Recent Murders in the UK Reveal the Prejudice against Discussing Anti-Gay Bigotry When It Comes from Muslims https://mosaicmagazine.com/picks/politics-current-affairs/2020/06/recent-murders-in-the-uk-reveal-the-prejudice-against-discussing-anti-gay-bigotry-when-it-comes-from-muslims/

June 24, 2020 | Douglas Murray
About the author: Douglas Murray is an associate editor at the Spectator and author of, most recently, The War on the West

Last Saturday, Khairi Saadallah fatally stabbed three homosexual men in the English town of Reading. Douglas Murray comments on the British media’s strange response:

It has since emerged that the twenty-five-year-old suspect, who is now in police custody, came to the UK from Libya in 2012. He is reported to have come to the attention of MI5 last year as an individual who had the potential to travel overseas for terrorism purposes. . . . So far, [however], there has been almost no interest expressed in the possible motives of the attacker. Quite possibly there is a mental-health component. . . . But anything else to see here? Any other reason why a migrant from Libya who was given asylum in the UK might want to go around stabbing gay men? Well who would even ask such questions? What do you want to find? Bigot.

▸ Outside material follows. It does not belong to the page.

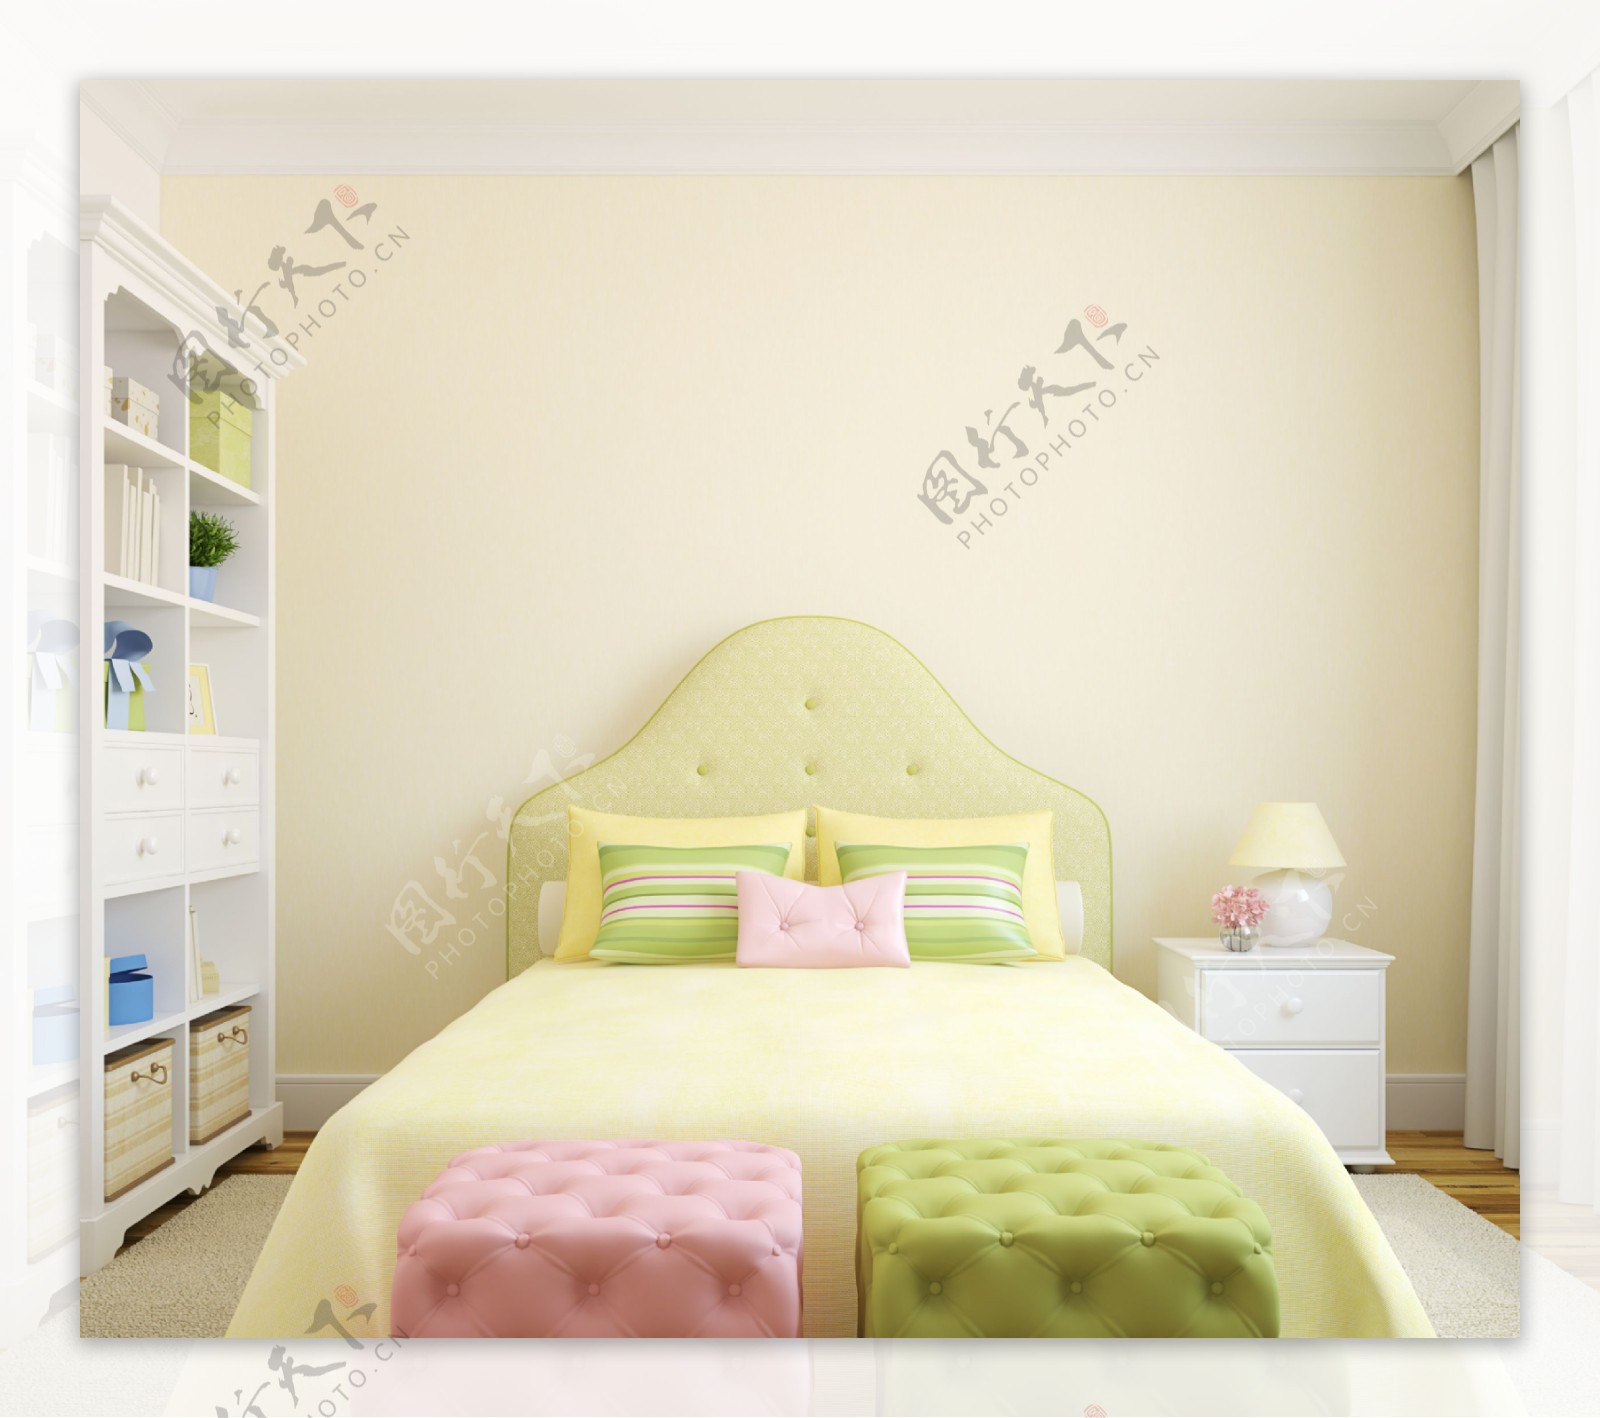 绿色清新卧室效果图

But if the attacker from Saturday night had been a white skinhead, or a neo-Nazi, or had been wearing a big red MAGA hat, I am fairly confident that the gay press and all of the mainstream media would be crawling over every angle of this story by now with an unparalleled fury, hurling allegations of “adjacency” against all of their favorite enemies. As it is I am reminded of nothing so much as story after story over recent years. Stories like when Omar Mateen walked into the Pulse nightclub in Orlando, Florida four years ago and gunned down 49 people.

People know after a story like this that it isn’t good. . . . But they have made a very basic calculation. The calculation is that dead gays aren’t good. But they aren’t as bad—indeed they are a price worth paying—compared to asking any of the questions that sane people would ask after an attack like this. . . . The fear [is] that talking about Islamic homophobia as a potential motive in this case might increase prejudice of some other kind. It’s a calculation of a very cynical and inept kind.